Robert Dailey wrote:
An example of a string that I'll be searching is below:
"This string $(variable1) has localized $(var2) text interleaved for no $(reason)"
In the string above, we have 3 variables. Each variable will reference a string in a localization table, which will then be used to replace the variable itself.
It's not be hard to build such a thing using using regex_iterator. Here's some code to get you going... #include <map> #include <iostream> #include <boost/xpressive/xpressive.hpp> using namespace boost; template<typename OutIter, typename OtherBidiIter, typename BidiIter, typename Format> inline OutIter regex_grep( OutIter out , OtherBidiIter begin_ , OtherBidiIter end_ , xpressive::basic_regex<BidiIter> const &re , Format format , xpressive::regex_constants::match_flag_type flags = xpressive::regex_constants::match_default ) { BidiIter begin = begin_, end = end_; xpressive::regex_iterator<BidiIter> it1(begin, end, re, flags), it2; bool yes_copy = !(flags & xpressive::regex_constants::format_no_copy); for(; it1 != it2; ++it1) { if(yes_copy) out = std::copy(begin, (*it1)[0].first, out); out = format(*it1, out); begin = (*it1)[0].second; } if(yes_copy) out = std::copy(begin, end, out); return out; } std::map<std::string, std::string> replacements; struct format { template<typename BidiIter, typename OutIter> OutIter operator()(xpressive::match_results<BidiIter> const &what, OutIter out) const { std::map<std::string, std::string>::const_iterator where = replacements.find(what[1].str()); if(where != replacements.end()) out = std::copy((*where).second.begin(), (*where).second.end(), out); return out; } }; int main() { replacements["X"] = "this"; replacements["Y"] = "that"; std::string input("\"$(X)\" has the value \"$(Y)\""), output; xpressive::sregex rx = xpressive::sregex::compile("\\$\\(([^\\)]+)\\)"); regex_grep(std::back_inserter(output), input.begin(), input.end(), rx, format()); std::cout << output << std::endl; return 0; } HTH, -- Eric Niebler Boost Consulting www.boost-consulting.com

On Fri, Mar 14, 2008 at 12:42 PM, Eric Niebler <eric@boost-consulting.com> wrote:
Robert Dailey wrote:
An example of a string that I'll be searching is below:
"This string $(variable1) has localized $(var2) text interleaved for no $(reason)"
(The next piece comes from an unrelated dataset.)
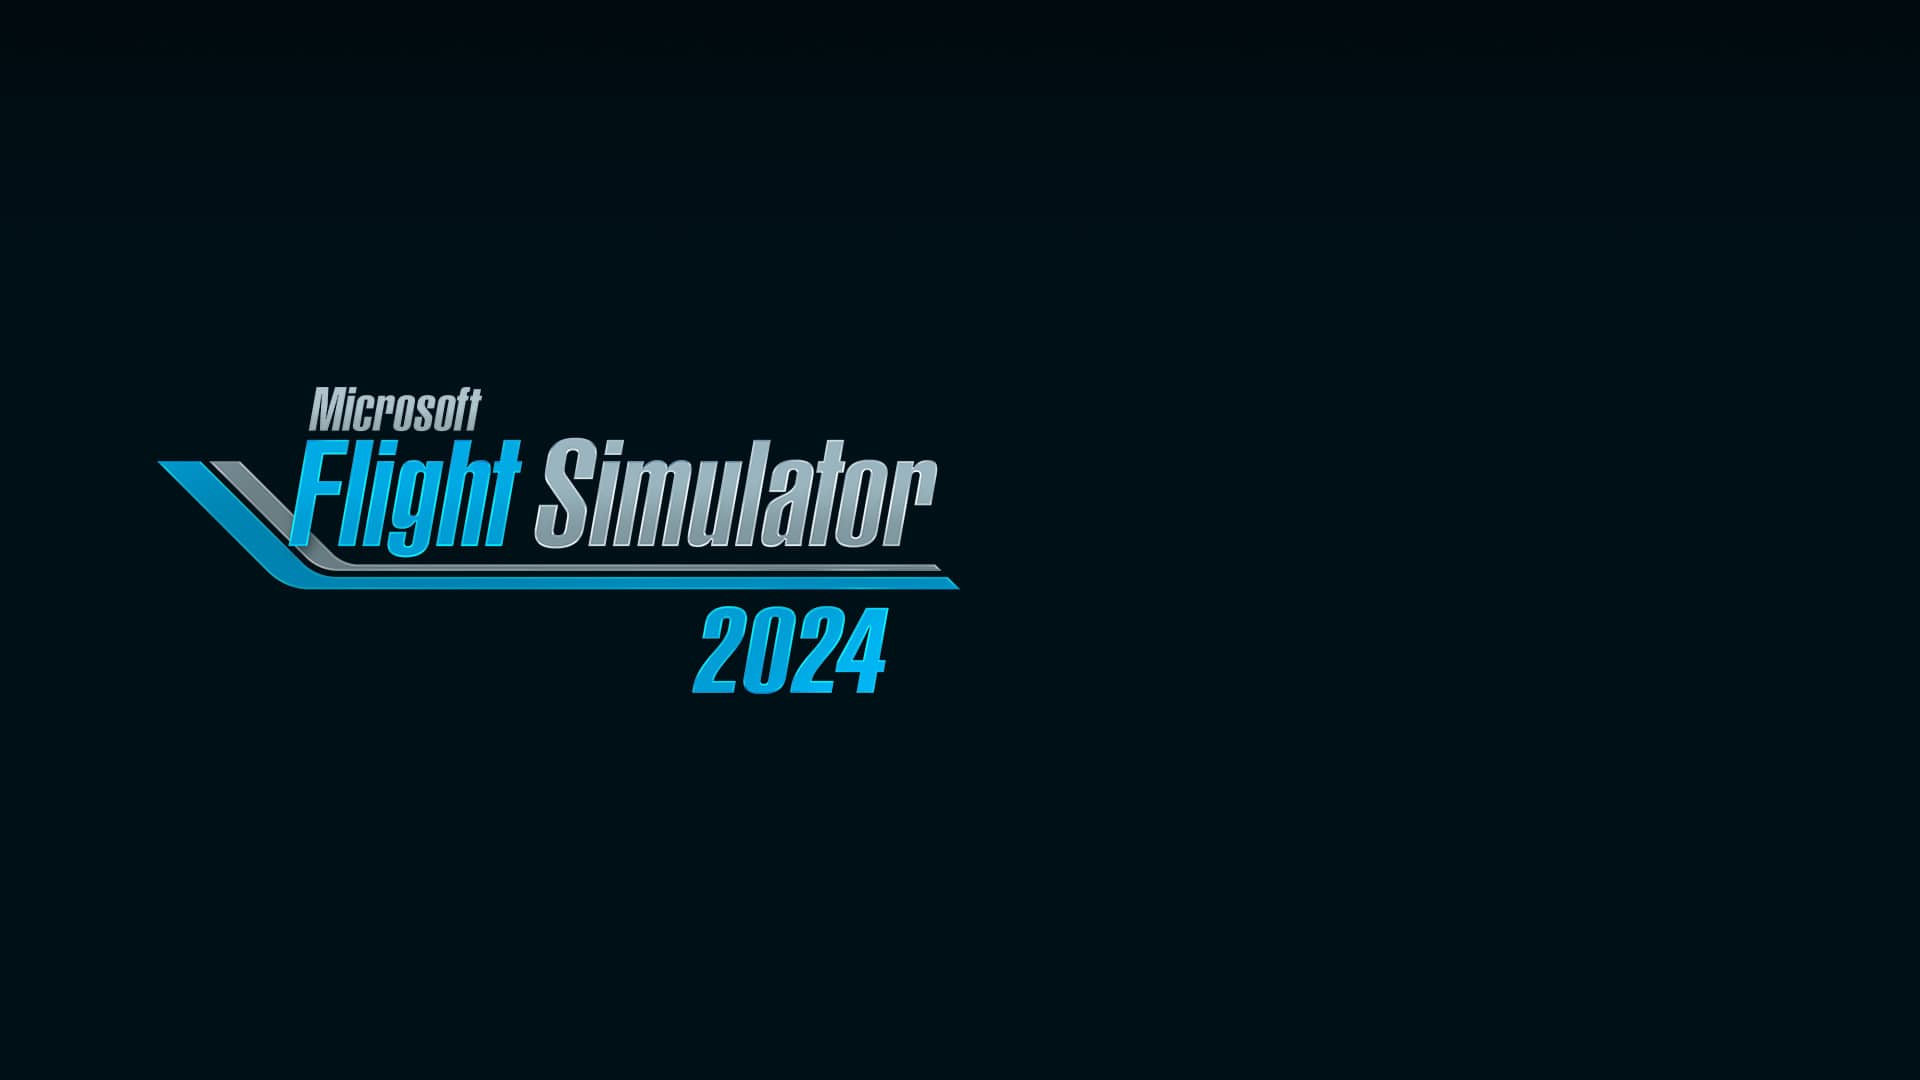 Microsoft Flight Simulator 2024 Rumors, Release Date, Everything We

In the string above, we have 3 variables. Each variable will reference a string in a localization table, which will then be used to replace the variable itself.
It's not be hard to build such a thing using using regex_iterator. Here's some code to get you going...
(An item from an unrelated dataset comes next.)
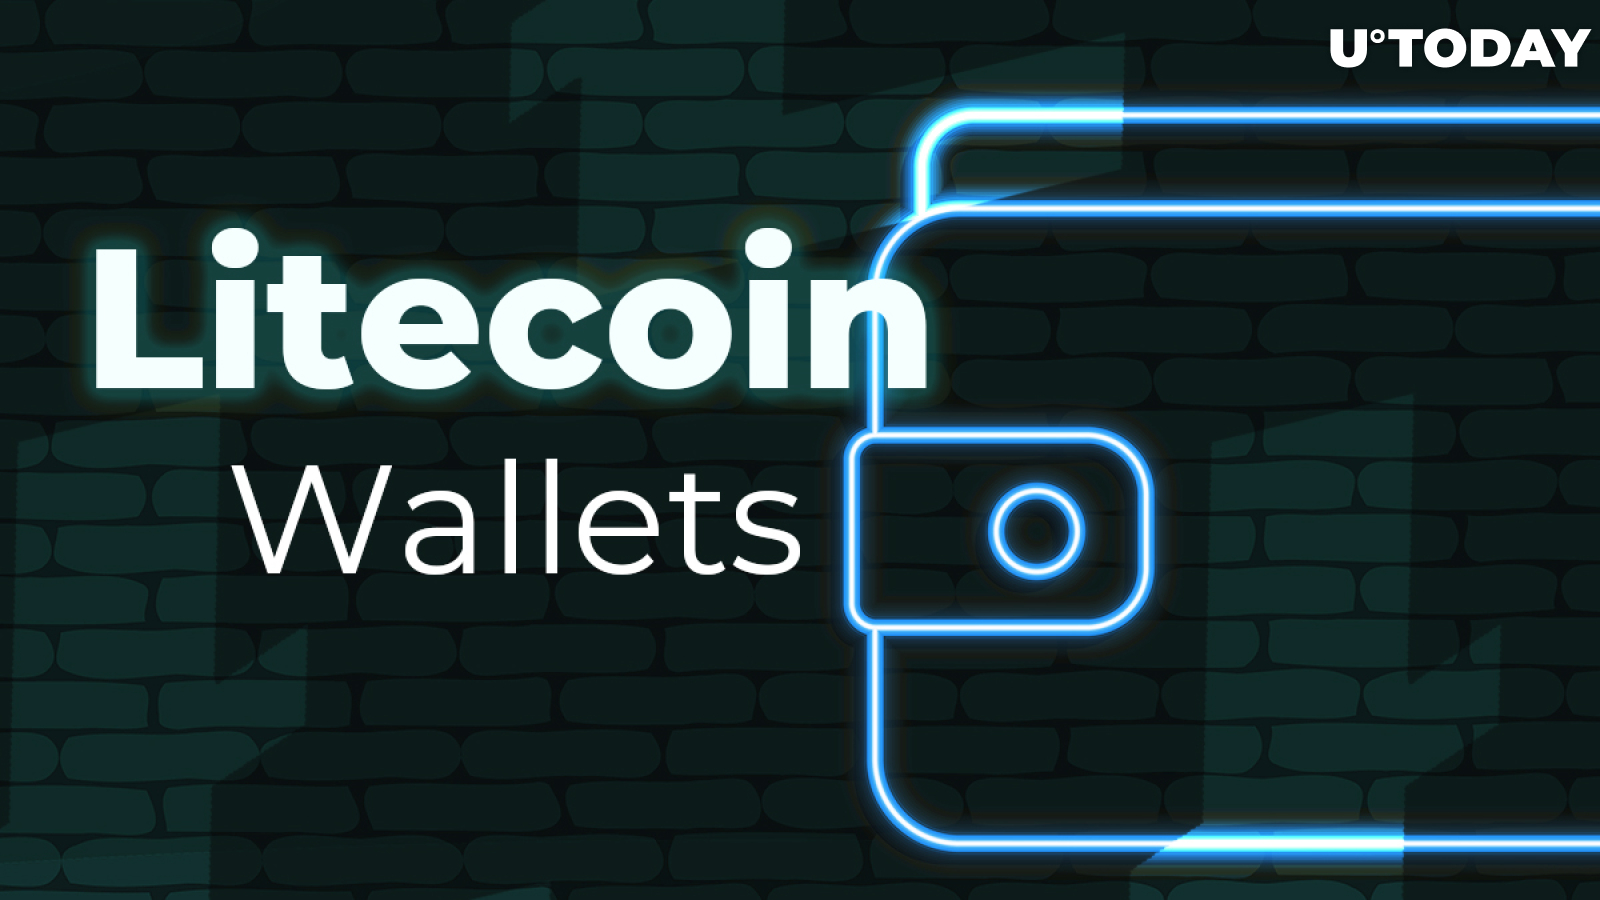 The Best Litecoin Wallets 2019

#include <map> #include <iostream> #include <boost/xpressive/xpressive.hpp> using namespace boost;
<snip>
HTH,
-- Eric Niebler Boost Consulting www.boost-consulting.com
Thank you very much for helping. I wouldn't go as far as to say it isn't hard, because that looks very hard IMHO. I was hoping for something a little more intuitive and built-in. Instead of going through all of that work I will probably first try to find a different third party regular expression library that can automate this task for me so that I can keep my code a little cleaner and focus on the actual task. I know that other regex libraries in other languages provide such a feature. Perhaps in the future Boost.Xpressive can be extended to provide this behavior. You could simply create a version of regex_replace() that takes a functor as the replacement instead of a string. Again, I appreciate the help and I will use your code example as a reference in the future if I ever decide to come back to this.

Robert Dailey wrote:
Thank you very much for helping. I wouldn't go as far as to say it isn't hard, because that looks very hard IMHO. I was hoping for something a little more intuitive and built-in. Instead of going through all of that work I will probably first try to find a different third party regular expression library that can automate this task for me so that I can keep my code a little cleaner and focus on the actual task.
Hm, OK. Good luck. Maybe Boost.Regex has this feature.
I know that other regex libraries in other languages provide such a feature. Perhaps in the future Boost.Xpressive can be extended to provide this behavior. You could simply create a version of regex_replace() that takes a functor as the replacement instead of a string.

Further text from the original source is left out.